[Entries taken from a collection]
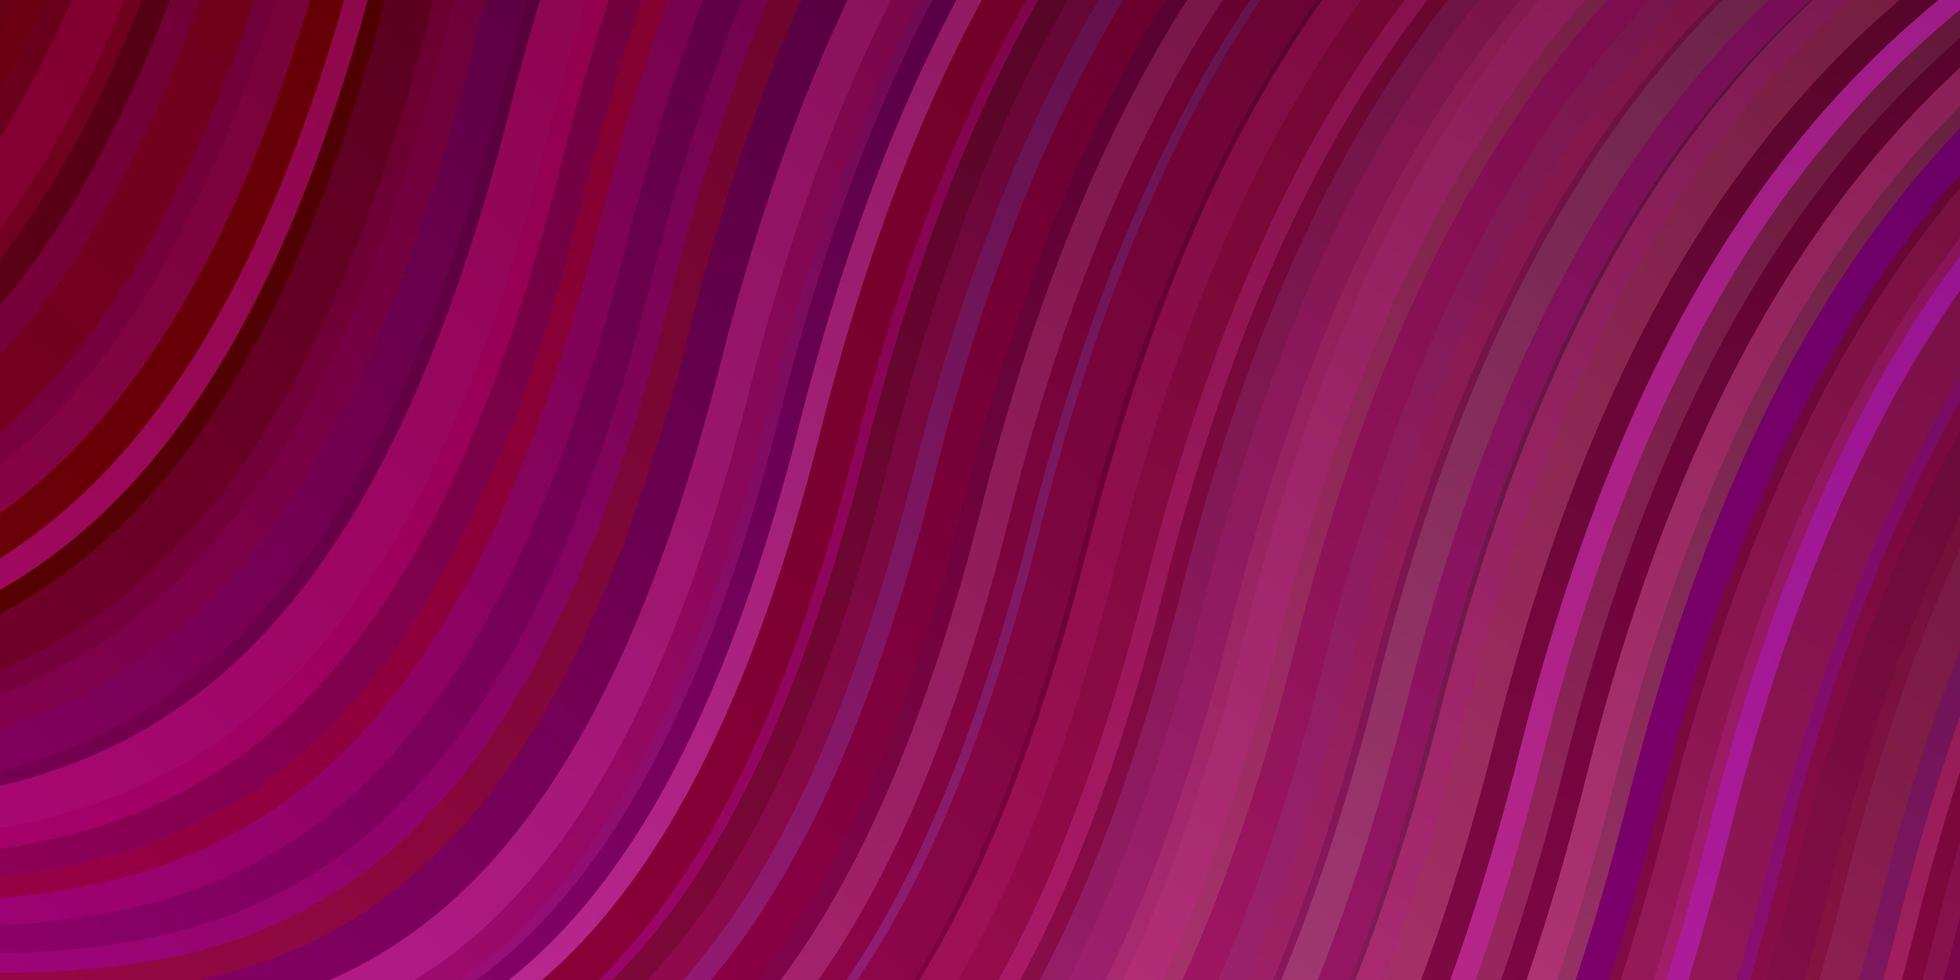 donkerpaars, roze vector sjabloon met curven.
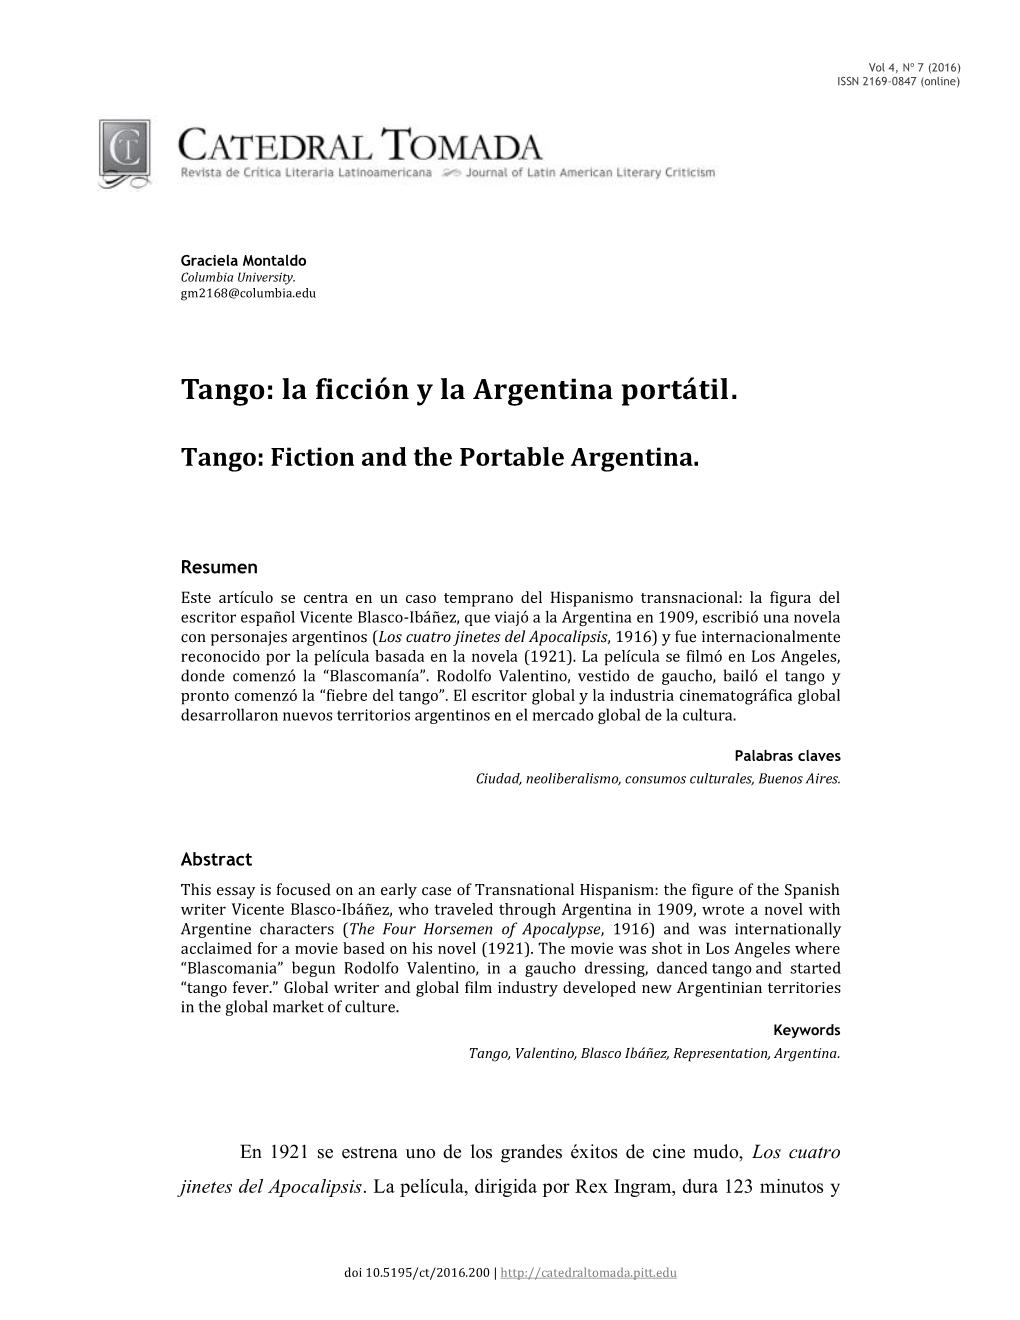 Tango: La Ficción Y La Argentina Portátil
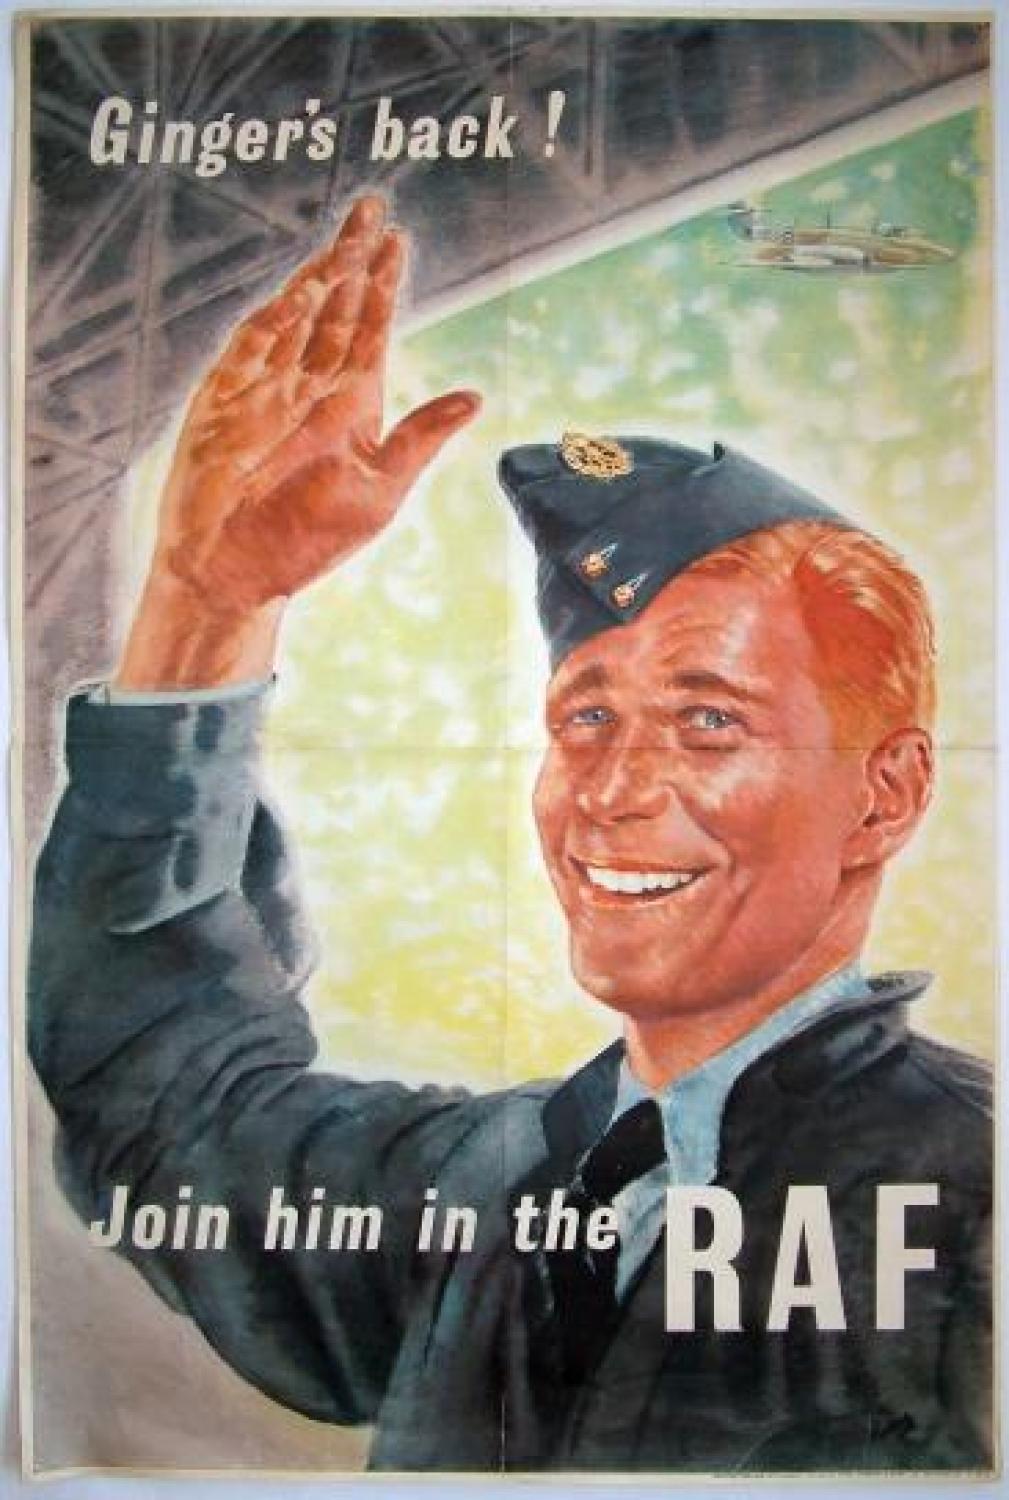 WW2 Recruitment Poster - Ginger's Back!
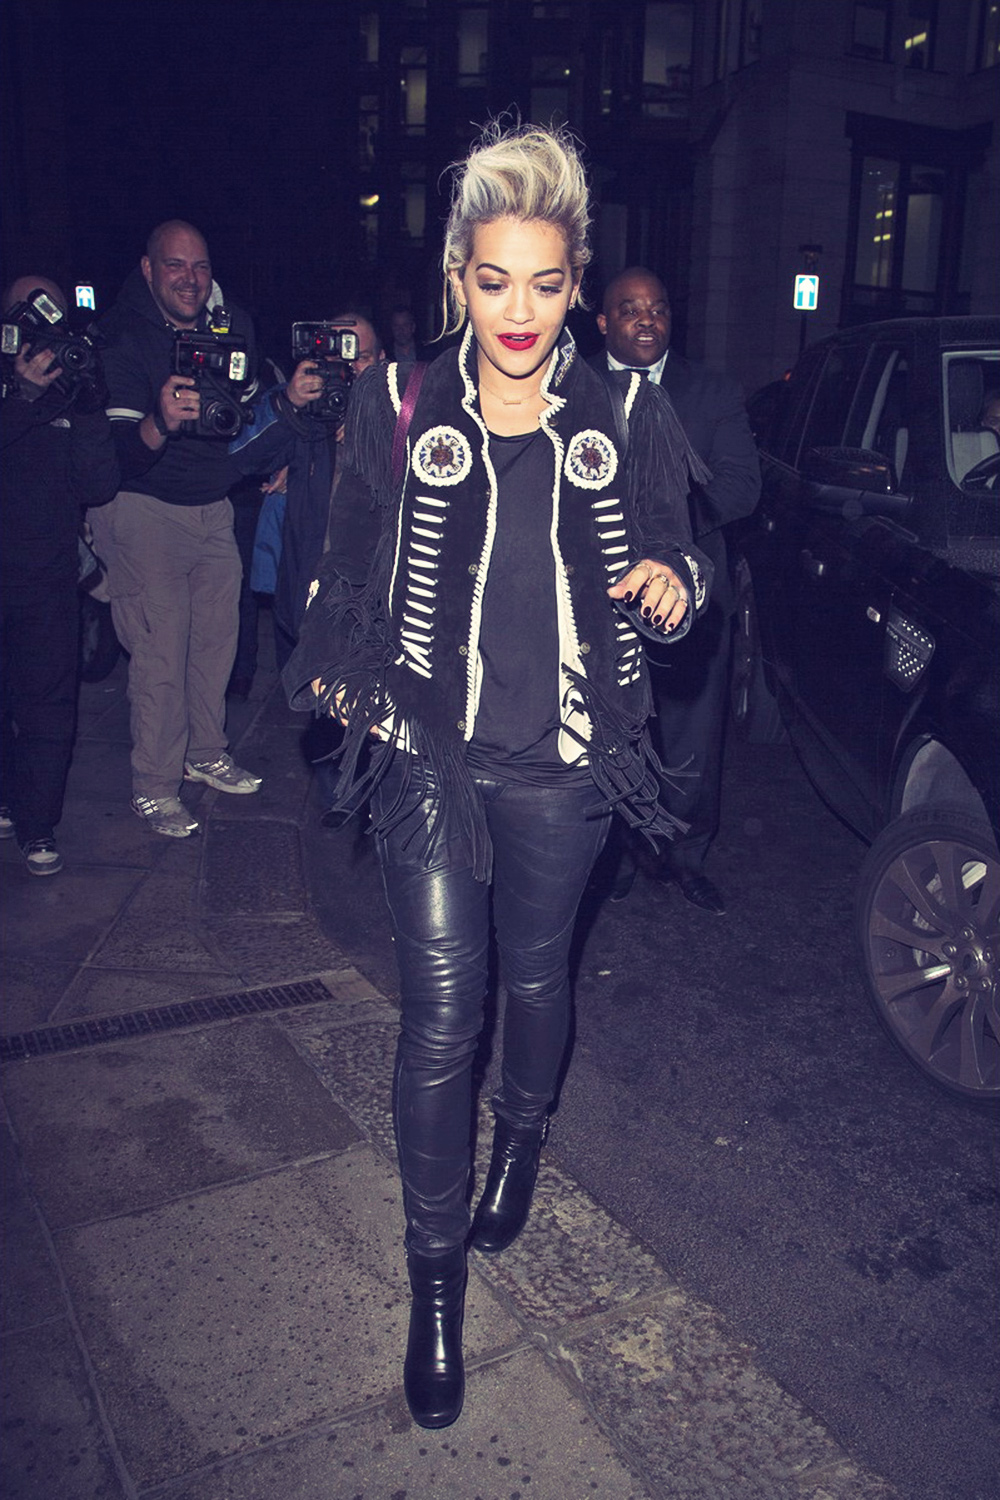 Rita Ora arrives at The Dorchester Hotel
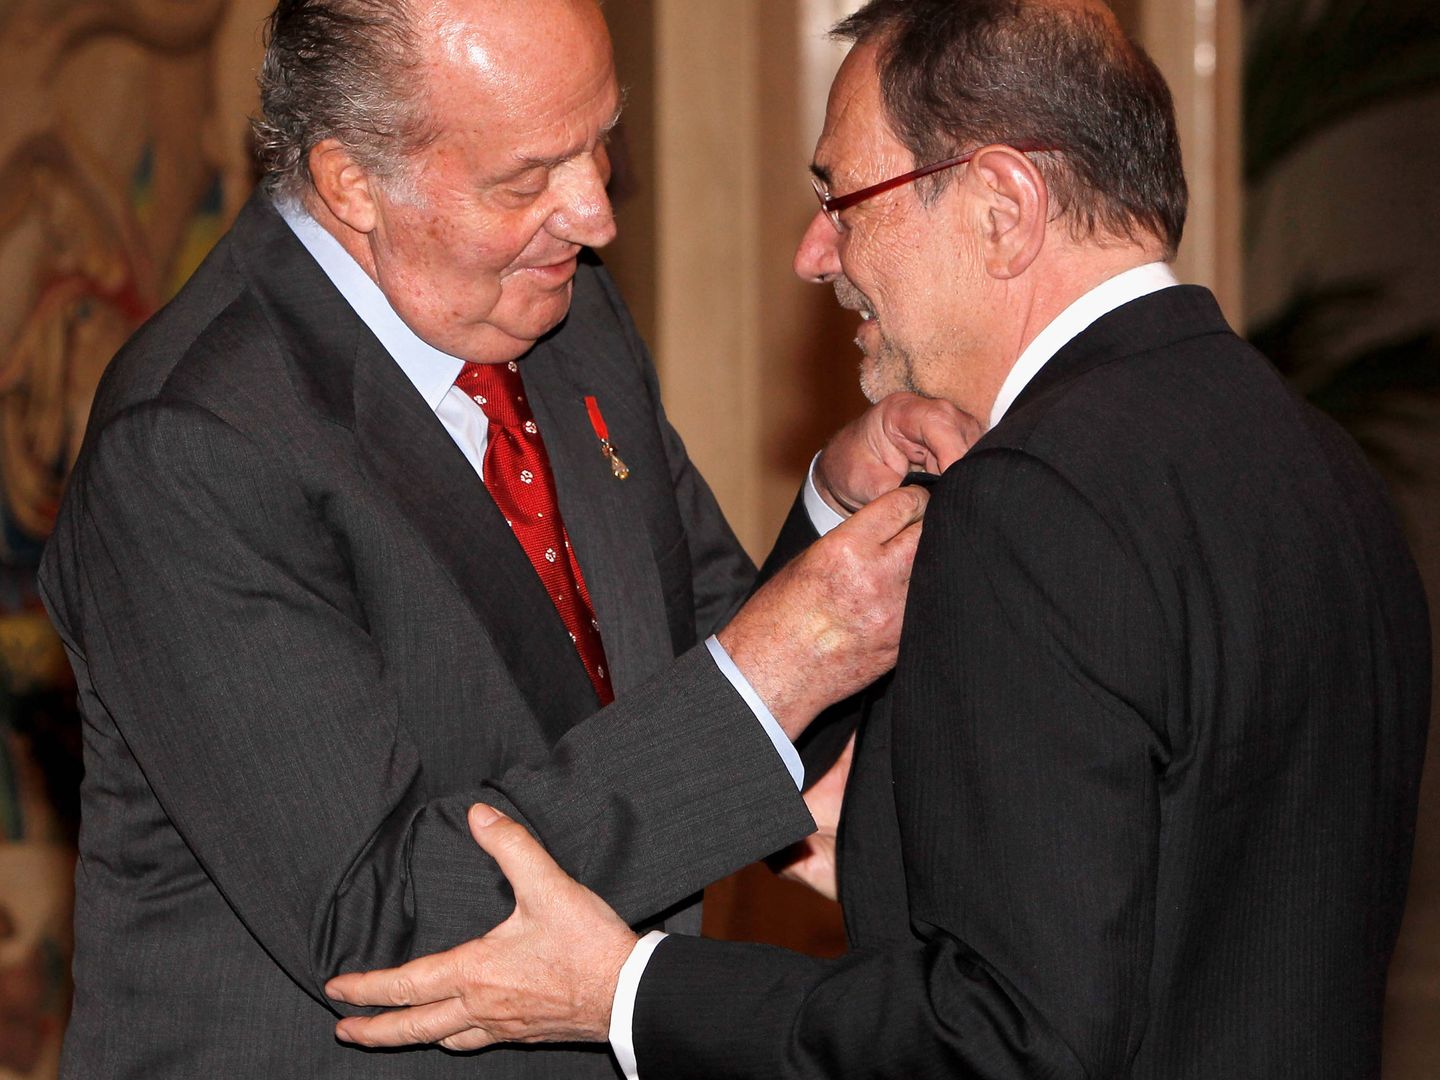  Juan Carlos I impone el Toisón de Oro a Solana. (Getty)

• WHAT YOU ARE ASKED TO DO:
Please retype all the entries word for word, omitting the pictures.

• ANSWER BOX:
 donkerpaars, roze vector sjabloon met curven.
 Tango: La Ficción Y La Argentina Portátil
 WW2 Recruitment Poster - Ginger's Back!
 Rita Ora arrives at The Dorchester Hotel
  Juan Carlos I impone el Toisón de Oro a Solana. (Getty)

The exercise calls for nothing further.